About your friends expressing surprise  that you do not have any pangs in your daughter leaving for UK, dear K, I wish that you understood your response truly and wholesomely. You bring up a child right from its entry into the world. The child grows to become an adult. Before the adult responses of the grown up child, the parental maturity should shine with better and timely lustre. It should not be lacking, instead it should be leading. When the grownup daughter is set to go for higher education, and she proposes to leave for a foreign country, you too, like Kausalya before Rama, though in different circumstances, must gracefully let her go with your good wishes and blessings. To be able to do it alone will fulfill and justify your motherly role. This is not an occasion for lamentation. This is a significant phase of the progressive and maturing human relationship.

I am reminded of an episode in my purvasrama life. My parents, in their sixties and seventies, lived in our farm house, with agricultural operations, in a place away from the village cluster. At that time, I was the only child staying with them. Finally it was decided that I would go to Calcutta and join my brothers to take up my further life.  One day I asked my mother fondly, “Mother, I am leaving. Will you not find it difficult here? Who will be there by your side to help and assist ?”

Without a moment’s hesitation my mother said calmly, “Do not worry my dear son. A grownup son is not supposed to be sitting on the lap of the mother. You should go to the wide world and live your life and pursuits. Here things will move. The sun will rise everyday and also set in the evening. With that the day will pass. Leave matters to themselves. Go without any undue worry. It is enough if you live and move with responsibility, truthfulness and concern .  ...”

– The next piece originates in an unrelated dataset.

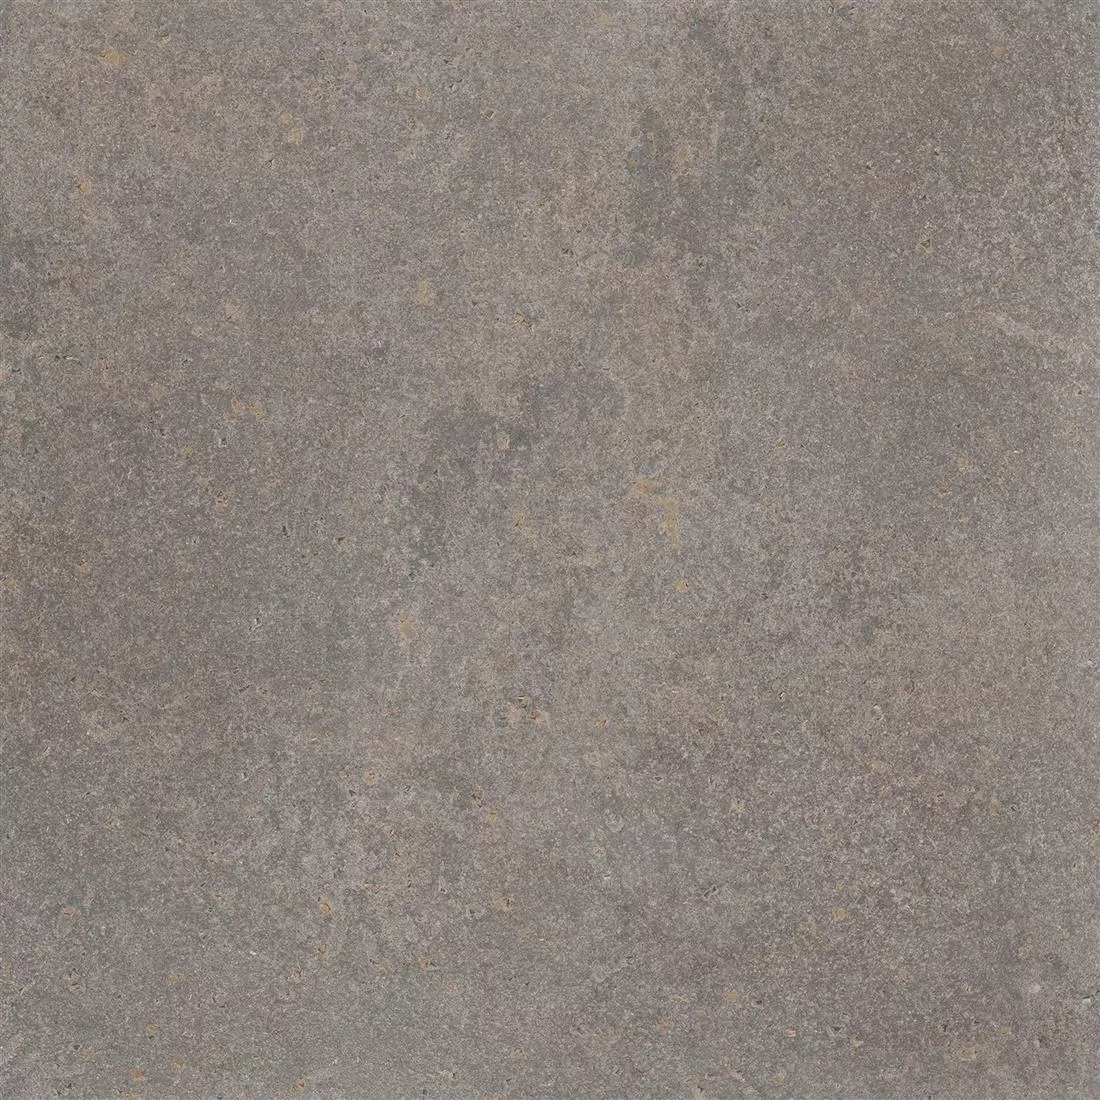 Πρότυπο Πλακάκια Δαπέδου Πέτρινη Όψη Horizon Kαφέ 60x60cm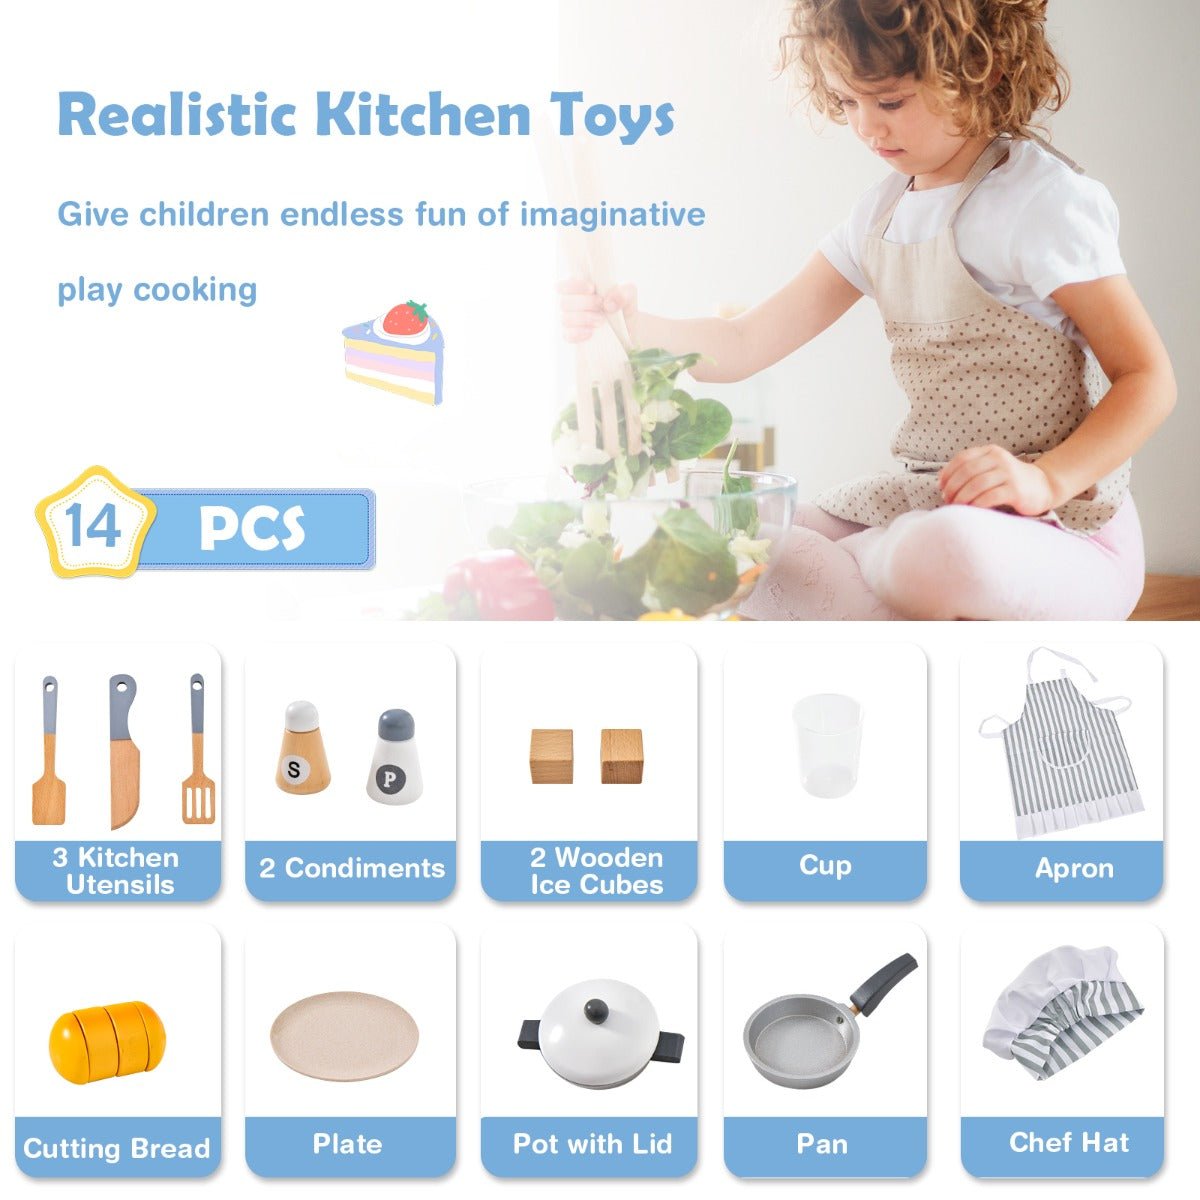 Toddler Friendly Kitchen Playset Storage Options

So, I do not find anything disorderly or unconventional in your attitude. And finally, K, dispassion and the sense of renunciation that follows it, is the culmination of a worthy human life. Unfortunately, people do not live up to this spirit. Also, they do not get the right opportunity to understand and imbibe this crowning spirit. Life is a course of living and outliving. Every moment if you live well, you also outlive that moment. The child lives through its playthings only to outlive them gradually. So too the adults have to live and outlive all their youthful indulgences and associations. Parents have to mature in their parental ties and bonds.

Assimilate whatever comes. Be spatial in your heart and mind. Encourage the mind to be like this and it will. What you think, you become. Stomach digests all the food and converts it into blood involuntarily. Mind too will do similarly, but only when sought, willed and encouraged. Do this and be a good, noble and great person. You have my blessings to this end.

Naya Swamiji and Ma send you good wishes with love. The same to your children and their father also.